Coming from a Christian background my understanding of Zen as far as
I have learned is that it is by its very nature possible to
combine/rationalise it with other religions. There are authorised
Zen masters active in the Christian church for example. Only the
most exclusivist traditions of the Abrahamic faiths forbid this as a
path, and I have not found any Bhuddist tradition, especially not
Zen that advises against it. On the contrary, my understanding is
that the Mahayana tradition in particular discourages abandoning
other faiths unless the devotee has fully explored them. The Dalai
Lama has said as much.
The Bhuddist Dharma in general does not as a first priority attempt
to explain the nature and mechanism of Divine Will. It is instead
primarily a remedy for suffering. Since the relief of suffering is
also an aspiration of all three Abrahamic faiths, there is scope for
incorporating the techniques of Zen into the spirituality of these
--- In Zen_Forum@yahoogroups.com, Serge Blais <[EMAIL PROTECTED]> wrote:
> (Wrong button previous post, sorry)
> There are many paths to get to the top of the
> mountain, but if you keep jumping from one path to
> another one, you'll never get anywhere.
> Some people can reconcile following more than one
> path, but they are few that can actually do it.
> We all "believe" that the end up to the same place.
> But how many have reached the top and can actually
> tell us that any path will get us to the same place?
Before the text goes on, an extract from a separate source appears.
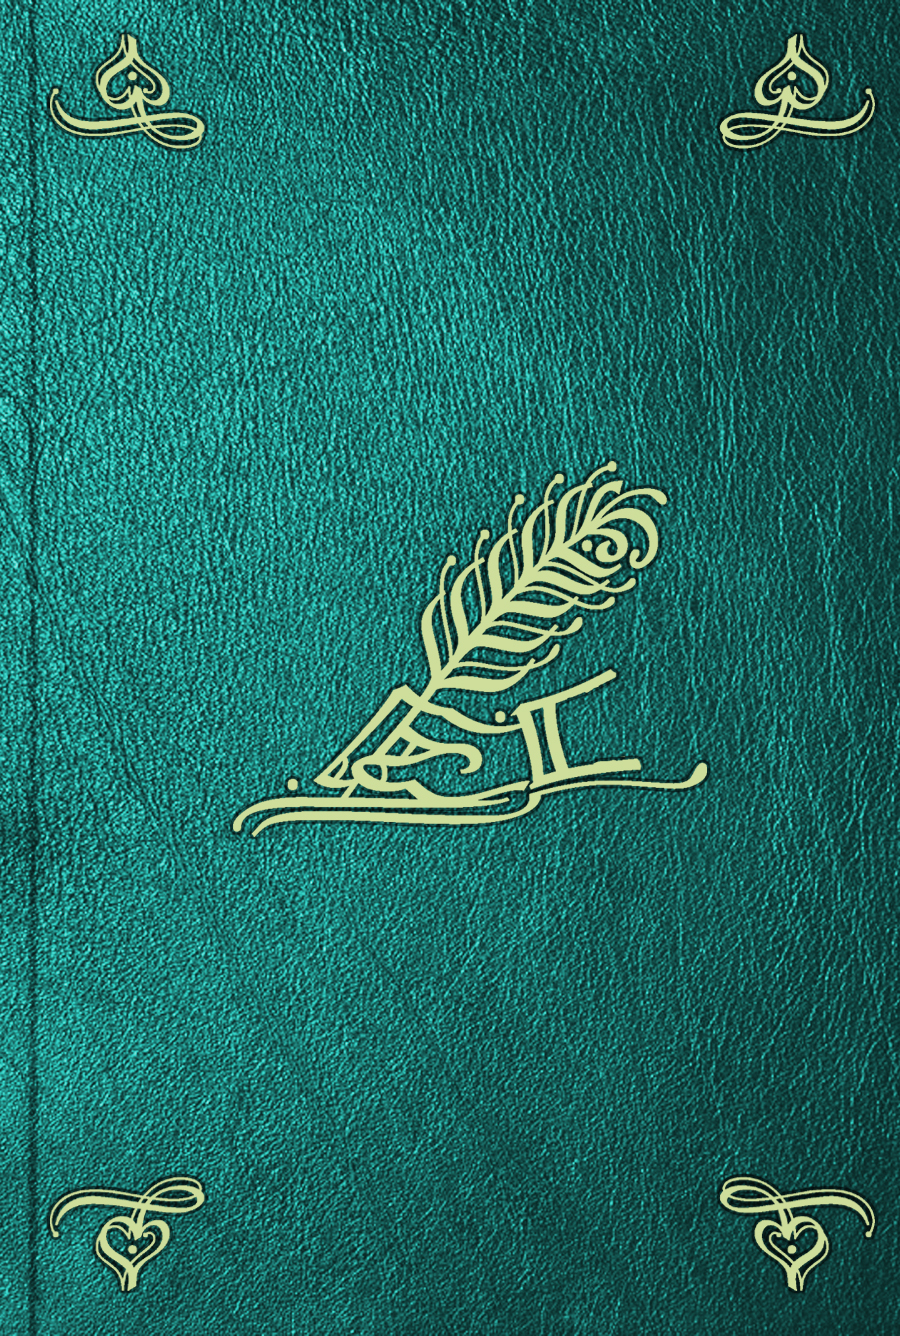 Corneille Le Brun Voyages de Corneille Le Brun par la Moscovie, en Perse, et aux Index orientales. T. 3 john chardin voyages du chevalier chardin en perse et autres lieux de l orient t 4

> My view is, take your path and follow it, regardless
> of anyone else is saying. This may fall into an
> organized group, it may not.
> > > You know what else is cool, is that in Hebrew the
> > word for Spirit
> > is
> > > the same for the word for "wind." We can think of
> > "wind" as breath
> > > if we want. It all comes back to the breath!
> > >
> > It's a "stretch" all right. I find the "Buddhism
> > teaches the same
> > thing as Christianity" idea an exercise in political
> > correctness that
> > is corrosive to the teachings in both traditions.
> > They get watered
> > down to the least common denomonator. I think we
> > should just let
> > each tradition speak for itself.